My second day at the village school

And then there was the “job” itself. My task was supposed to teach and model trash disposal in a community that not only did not even have a local dump, let alone trash bins or garbage pickup. Furthermore, the community of approximately 100 families did not have running water or toilets, and many of the women (and I suspect men as well) were illiterate. So yes, recycling can be done, the use of plastic can be minimized, but in the grand scheme of things – shouldn’t toilets and education come first? It was hard to feel like teaching people to use a dumpster was the best use of my time, when many of the women there couldn’t read or write. The priorities were felt entirely wrong. 

Women of the village escorted me literally everywhere.


In addition to the trouble with the job itself, I was left by the program manager without a single person on site who spoke English, leaving me unable to communicate with my host family in any meaningful way. My living situation was in a shared room without toilets or running water. When I was not teaching, I was shuffled from one neighbors house to another like a zoo animal. While people were kind, I was as alien as well.. an alien. My desire to use toilet paper was a resounding scandal among the women (they clean with water and their left hand), and defecation was done in the open with no less than 2 other women around at all times. Showers were taken outside, topless but wearing a skirt (turns out, this can work, although the all-women audience made me self-conscious). People were far more interested in my travel pillow and my contact lenses than my teaching skills, and without the ability to communicate in words, I was left feeling dumb, helpless, and very much alone most of the time. 

Due to all of these things, I left the experience within a week. I did leave the village knowing a few words of Hindi (“I want to sleep” and “my stomach is not good” and “thank you for the food”), the kindness of the people who hosted me, and a HUGE and very real lesson about voluntourism (read more in the next entry). I learned that full and true immersion into a place where you don't speak the language is terrifying, mentally exhausting, and incredibly challenging. To overcome these challenges requires support, time, and ideally a community of others who are able to mentor you throughout the process. One cannot simply be thrown into a village and expect to “make people change.” 

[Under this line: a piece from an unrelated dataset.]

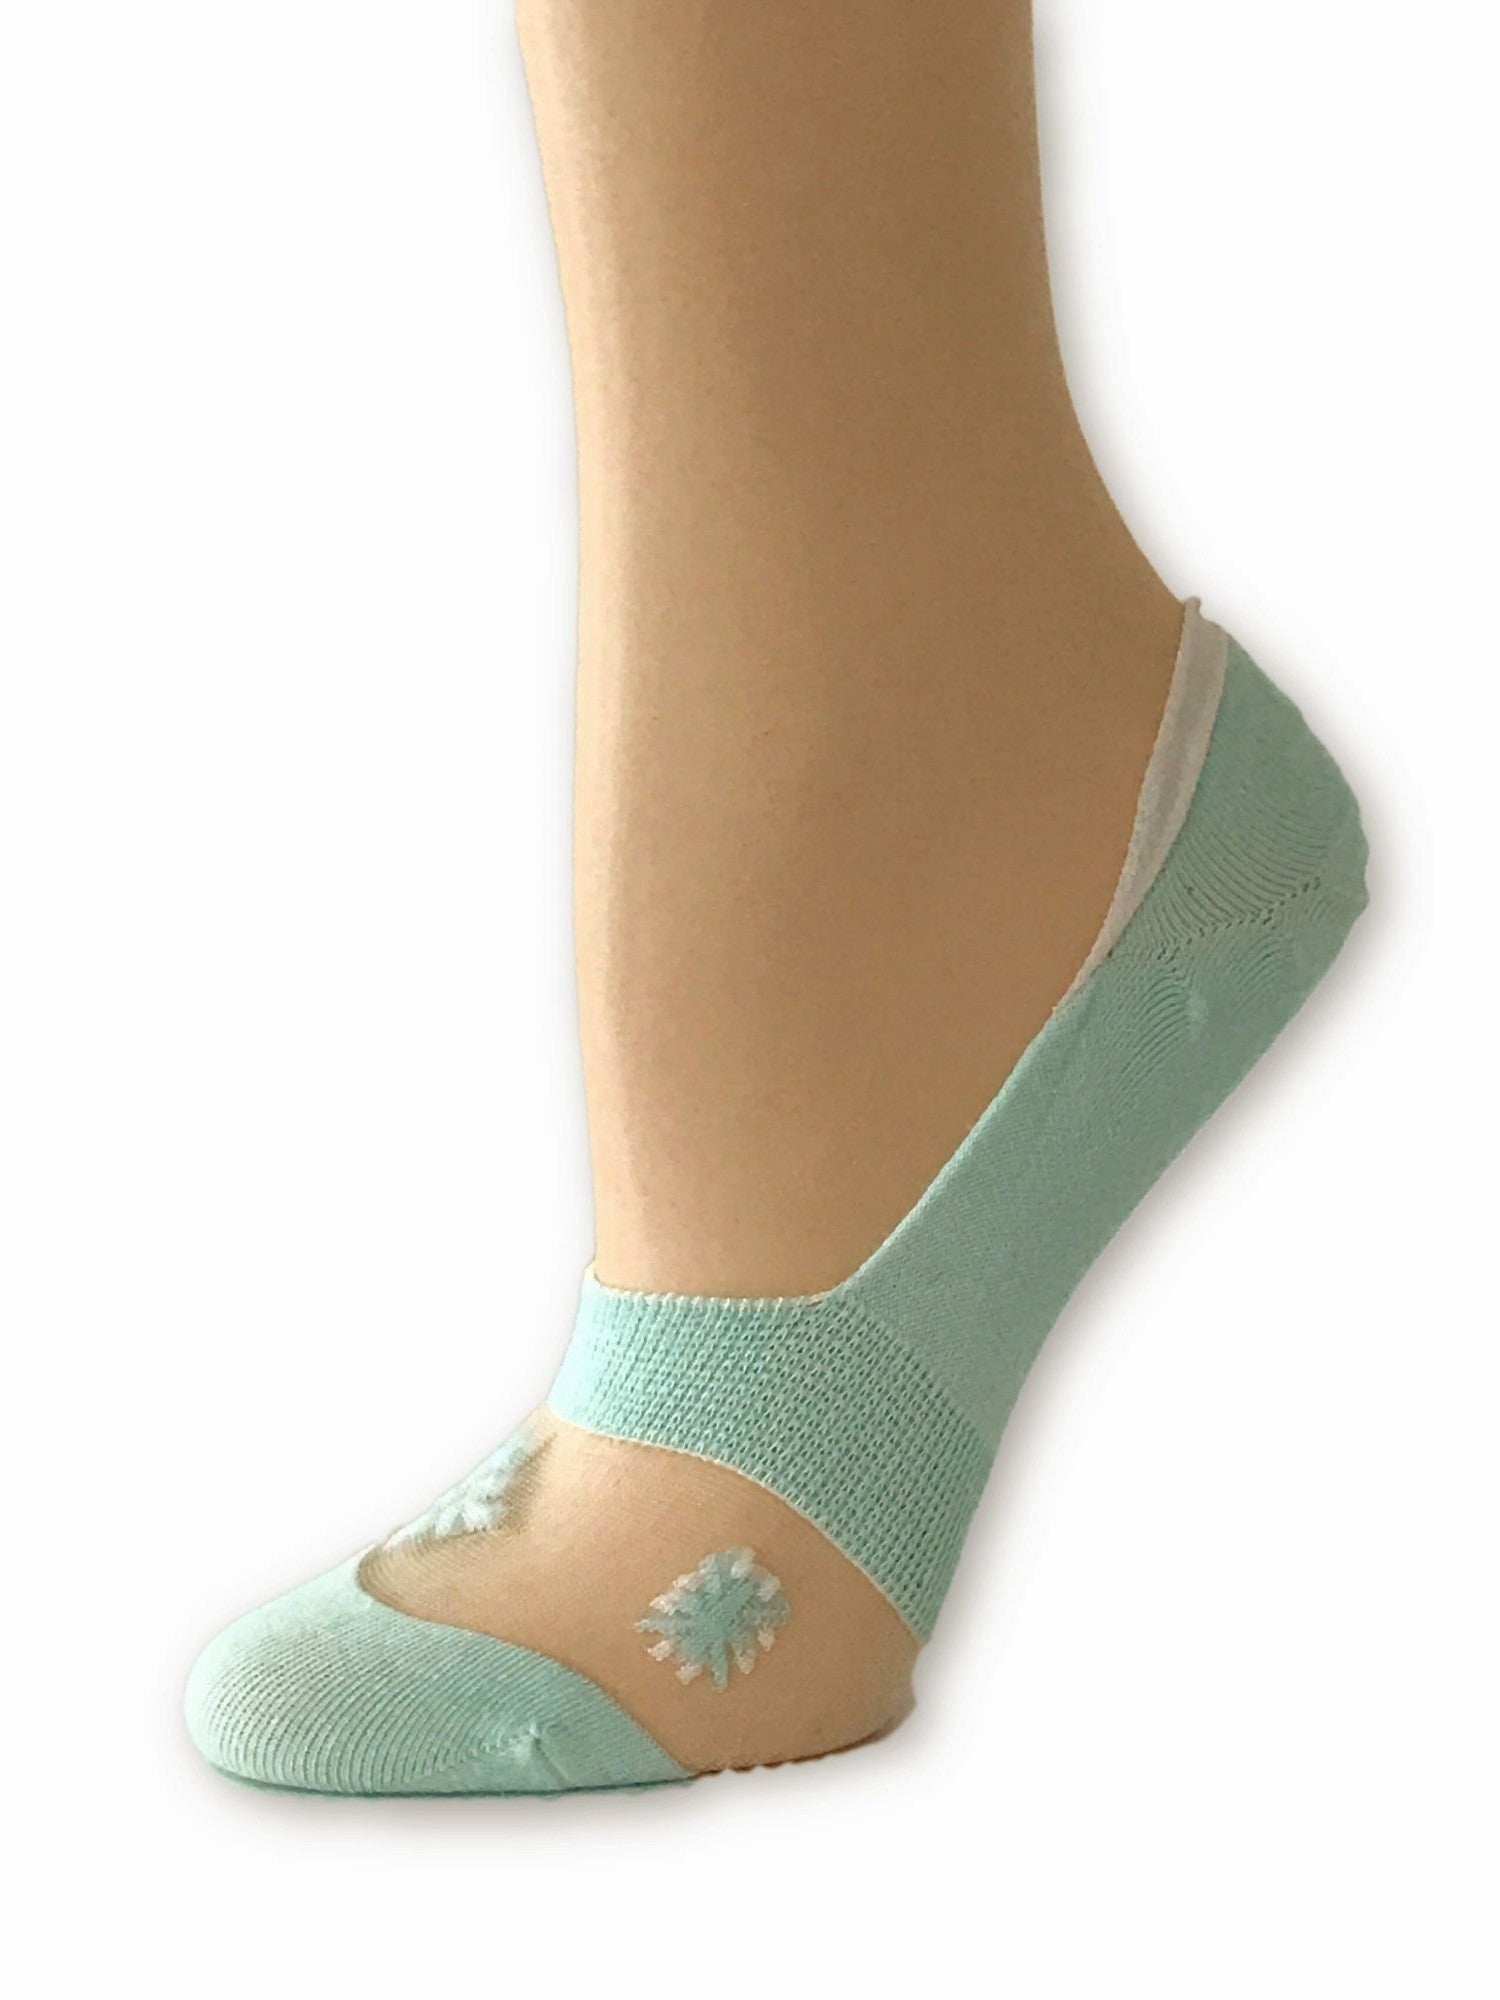 One-Stripped Turquoise Ankle Sheer Socks - Global Trendz Fashion®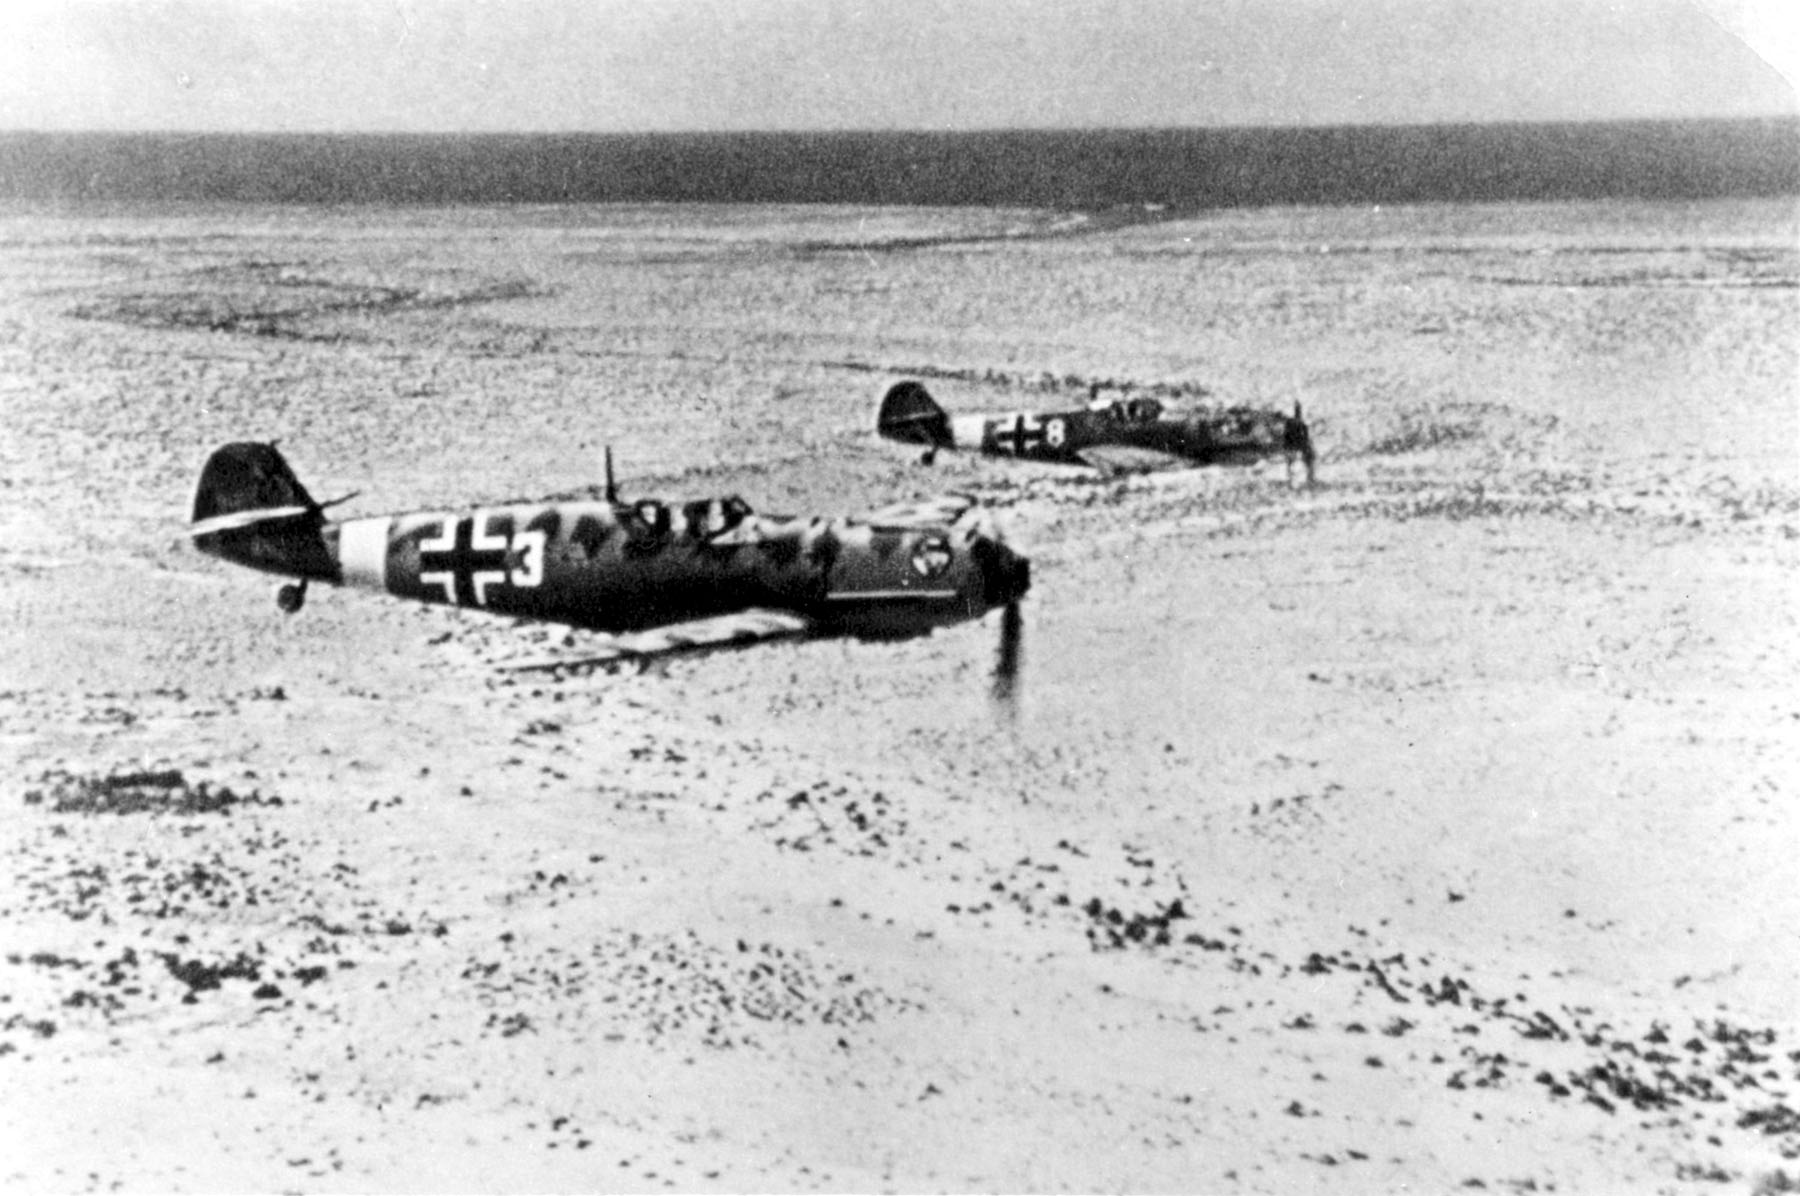 German Bf 109E fighters in flight, North Africa, date unknown

My host-sister dried buffalo dung on the roof to make fuel for the fire


I don't disparage the ideals of the organization (trash is a huge problem in India), but I wish the program was set up to be more intentional, and that the impossibility of teaching without verbal communication could have been effectively addressed. I wish I had asked more questions before I arrived, and I know now what a serious undertaking something like this is. I ended up with my first ten days in India resulting in a good story, memories of kindness in an alien land, and intense, new-found gratitude for the simple and familiar comforts of things like pooping with privacy.